Most efficient way to clean a string-CodePudding

I have a huge dataset and I'm removing rows where the length of a string is less than or equal to 1 word:

a=a[~a['text'].str.split().str.len().le(1)]

The code above works but takes 18min to complete.

Is there a most efficient way to do the same task?
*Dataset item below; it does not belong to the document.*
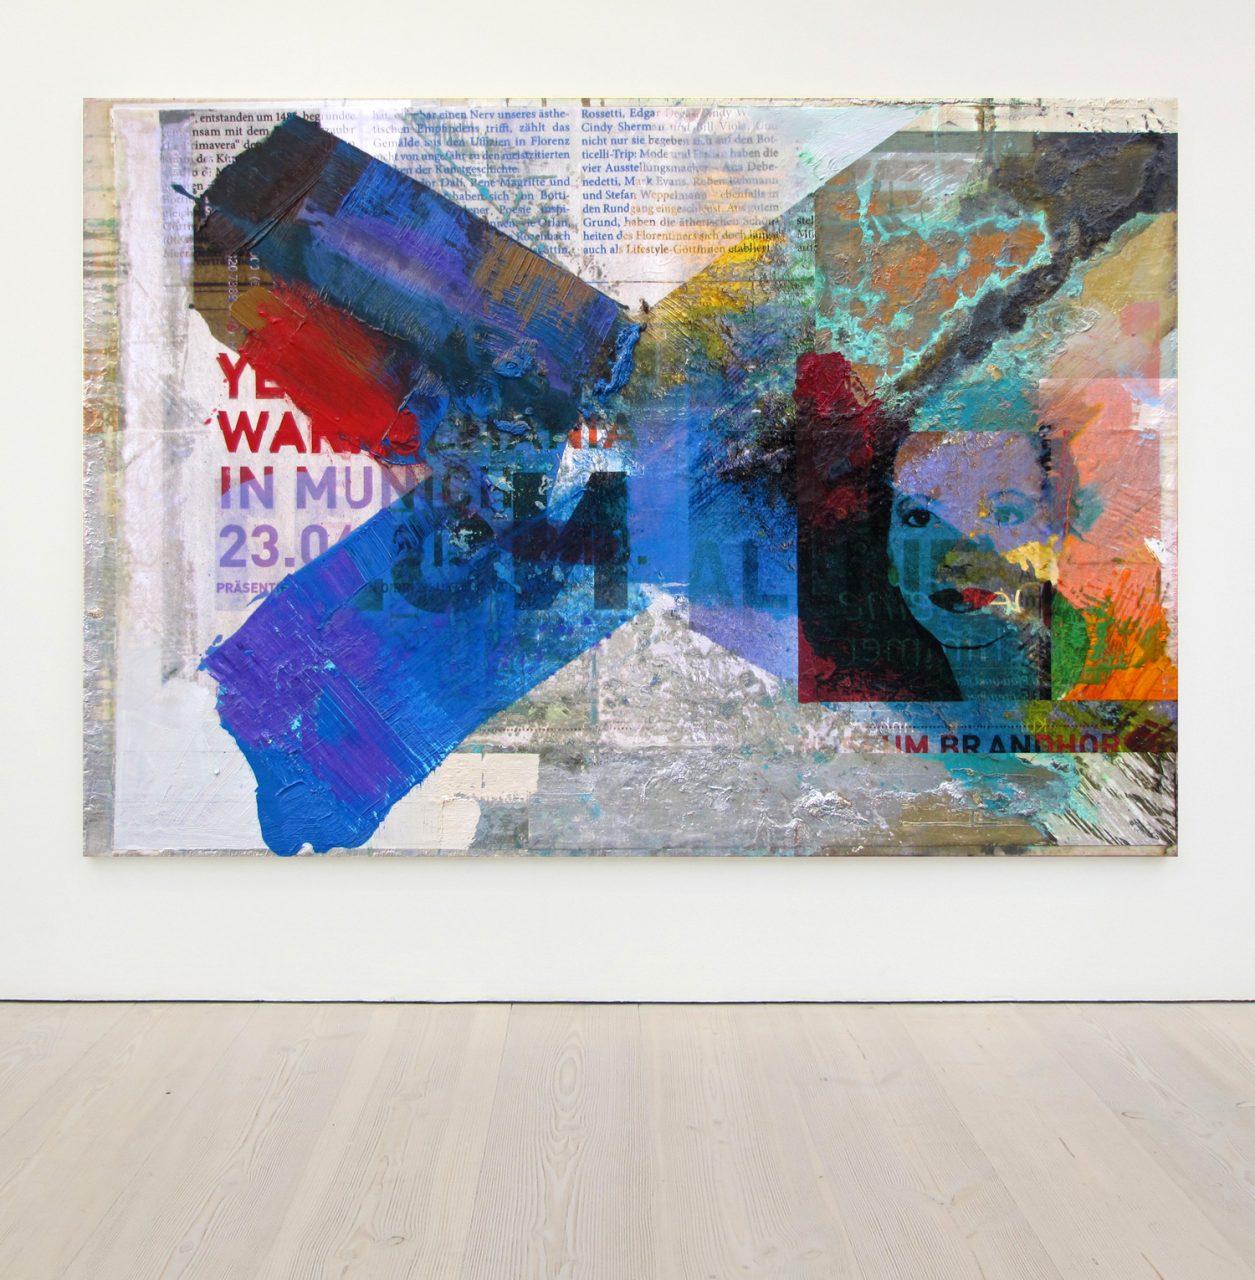 Advertisement Museum Brandhorst | 2016 | Acrylic Oil and Digital Prints on Canvas | 140 x 200 cm

CodePudding user response：

You could use a list comprehension:

a[[len(x.split())>1 for x in a['text']]]

or map:

one = 1
a[[*map(one.__lt__, map(len, map(str.split, a['text'])))]]

Some benchmarks:

a = pd.DataFrame({'text': ['one word', 'two','three words ok']*100000})

>>> %timeit -n 10 a[~a['text'].str.split().str.len().le(1)]
328 ms ± 12.2 ms per loop (mean ± std. dev. of 7 runs, 10 loops each)
>>> %timeit -n 10 a[a['text'].str.split().str.len().gt(1)]
325 ms ± 20.9 ms per loop (mean ± std. dev. of 7 runs, 10 loops each)
>>> %timeit -n 10 a[a['text'].str.count(' ').gt(0)]
288 ms ± 12.6 ms per loop (mean ± std. dev. of 7 runs, 10 loops each)
>>> %timeit -n 10 a[[len(x.split())>1 for x in a['text']]]
168 ms ± 3.69 ms per loop (mean ± std. dev. of 7 runs, 10 loops each)
>>> %timeit -n 10 a[[*map(one.__lt__, map(len, map(str.split, a['text'])))]]
134 ms ± 1.93 ms per loop (mean ± std. dev. of 7 runs, 10 loops each)

CodePudding user response：

In your case just count blank

a[a['text'].str.count(' ') >= 1]